Oxygen is the breath of life, right? Because it keeps our bodies and organs from functioning as they should, supplemental oxygen helps when chronic lung disease or respiratory illness hamper breathing. 

That’s why it’s counterintuitive to think low oxygen could be a therapy for chronic conditions ranging from mitochondrial diseases and autoimmune disorders to Parkinson’s and even aging. Vamsi Mootha, a systems biologist leading labs at Massachusetts General Hospital and the Broad Institute of Harvard and MIT, and Robert Rogers, a former fellow in his lab, wrote a review of the evolving research, published in Science Translational Medicine, that invoked high-altitude history as well as lab experiments in mice.

Mootha talked with STAT on Wednesday about what might be next for modestly modulating the air we breathe. This interview has been edited for length and clarity, but not his warning: “Hypoxia can be dangerous, and I can’t emphasize that enough.

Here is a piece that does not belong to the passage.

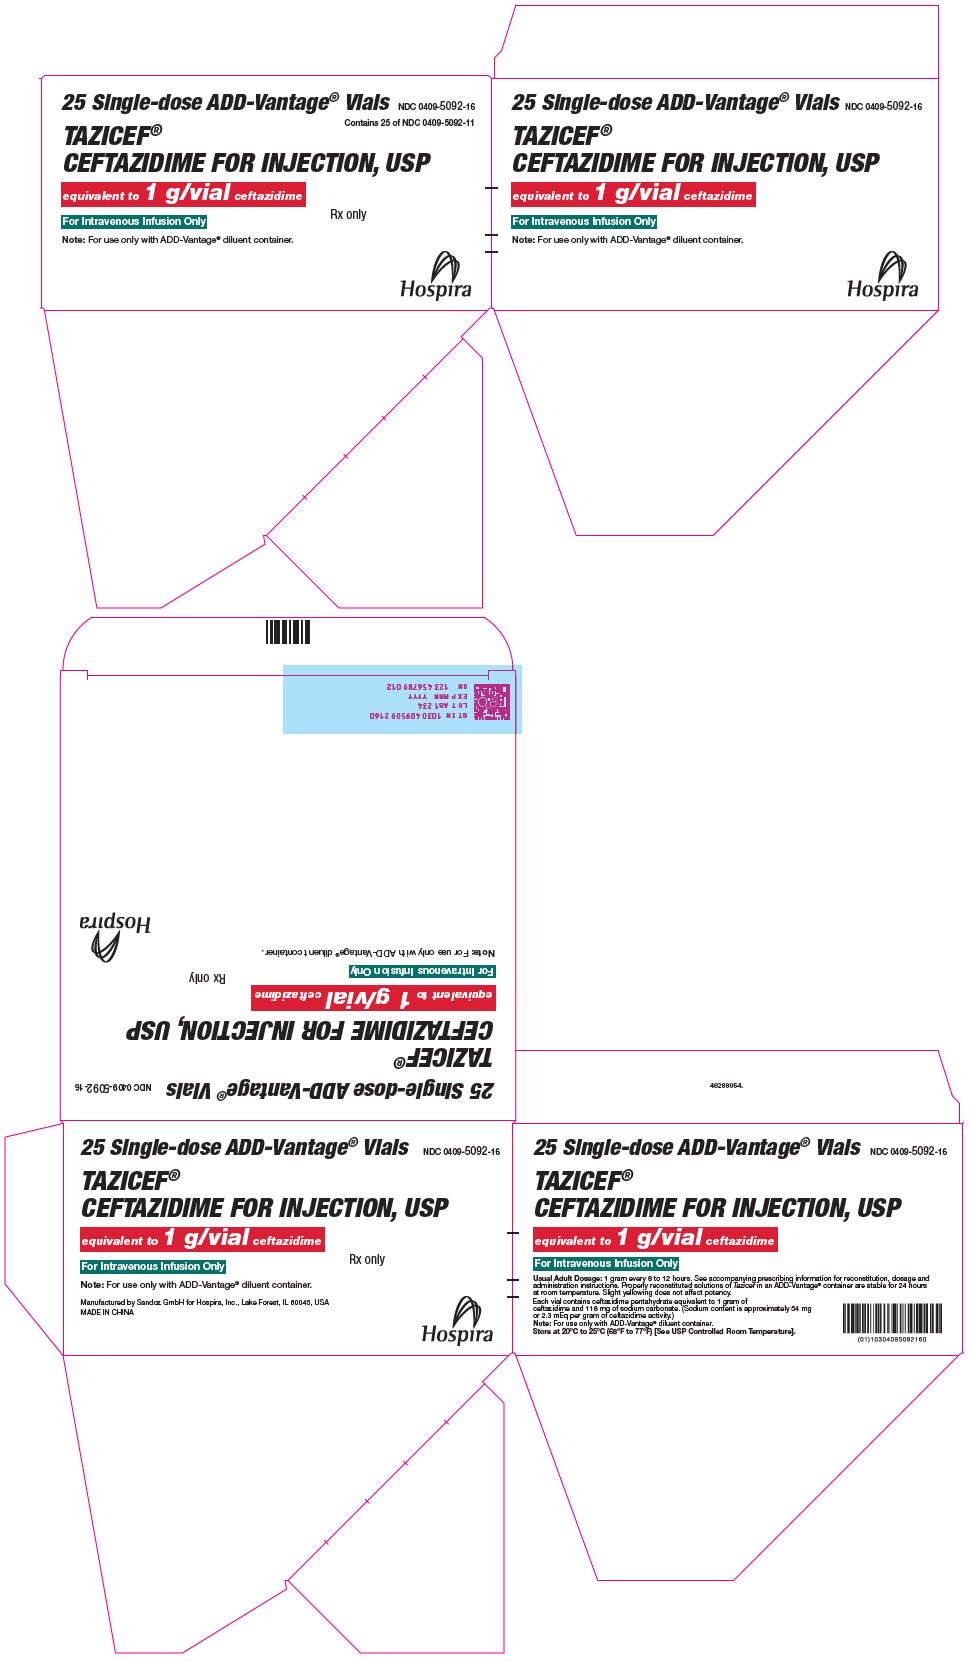 PRINCIPAL DISPLAY PANEL - 1 g Vial Carton
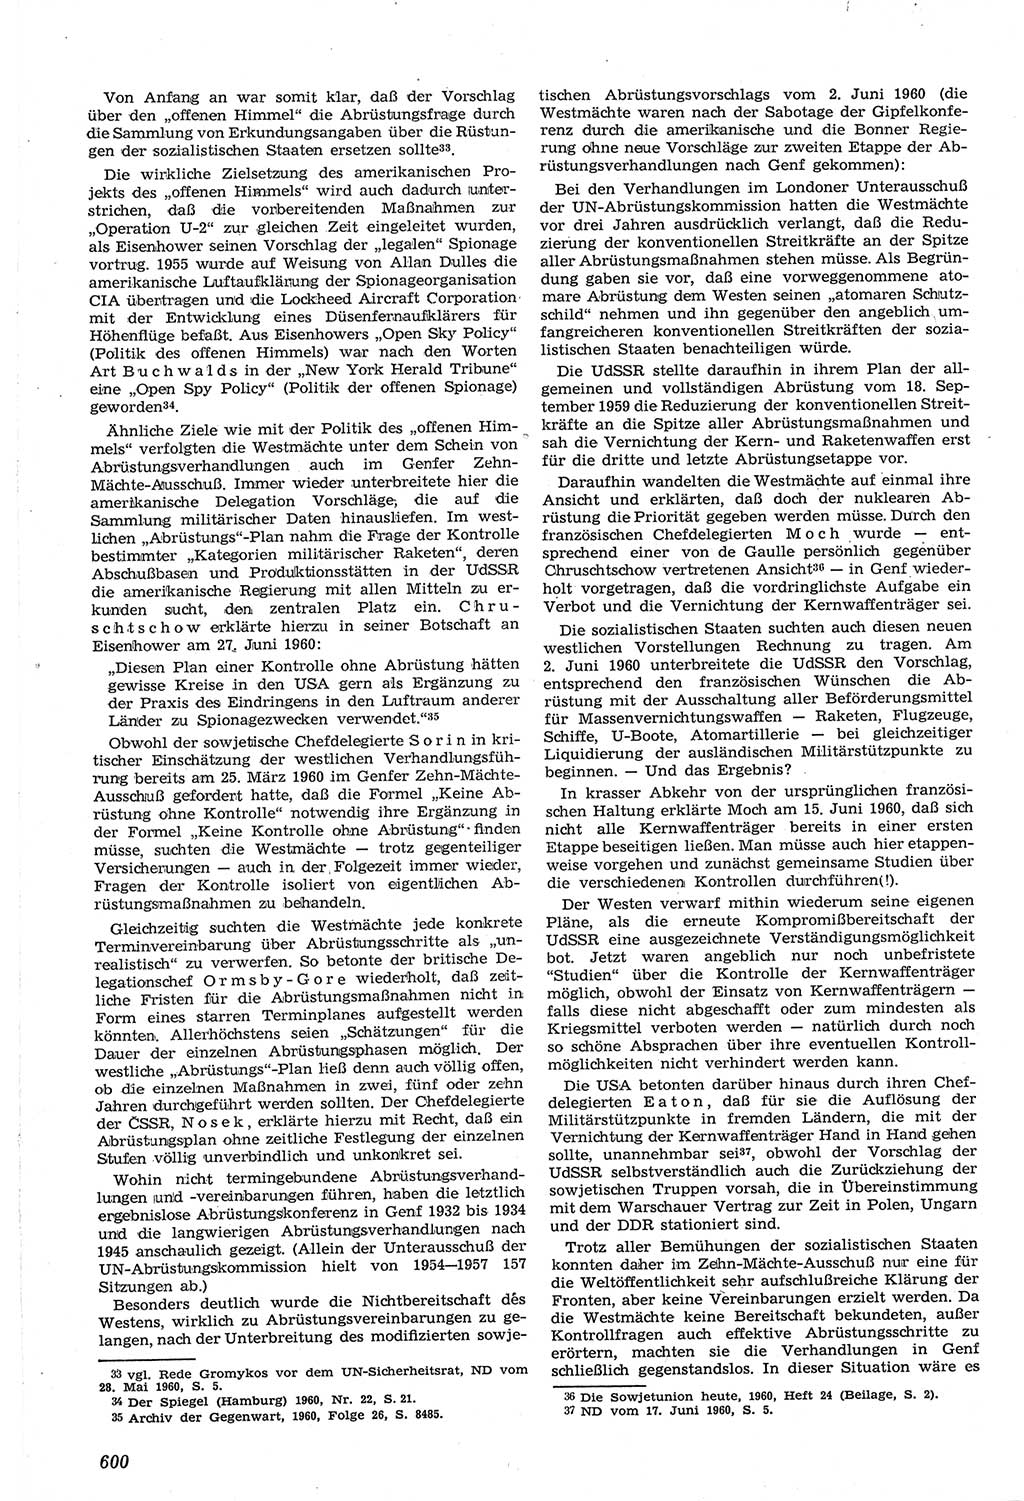 Neue Justiz (NJ), Zeitschrift für Recht und Rechtswissenschaft [Deutsche Demokratische Republik (DDR)], 14. Jahrgang 1960, Seite 600 (NJ DDR 1960, S. 600)

Hypoxia in the extreme can be very detrimental, even deadly.”

What sparked your interest in low oxygen, known as hypoxia?

Our lab has long been interested in rare mitochondrial diseases as well as common diseases that are associated with mitochondrial dysfunction. A dream of ours had always been to try to find a suppressor of mitochondrial dysfunction that could be useful potentially for many genetically distinct forms or rare diseases, or even common conditions that are associated with mitochondrial dysfunction.

How did you go about this?

About 10 years ago, we did a genetic screen that gave rise to what initially seemed to be a counterintuitive idea: that low oxygen might actually be beneficial in the setting of a broken mitochondrion. At the time many folks thought that if you had a state of mitochondrial dysfunction, you should infuse more oxygen to power the system. But the screen told us to do the exact opposite. It’s something that we ran with in the laboratory.

What did you test?

We used chemicals to induce mitochondrial toxicity, looking for suppressors. That’s what gave rise to the idea that hypoxia could somehow be beneficial.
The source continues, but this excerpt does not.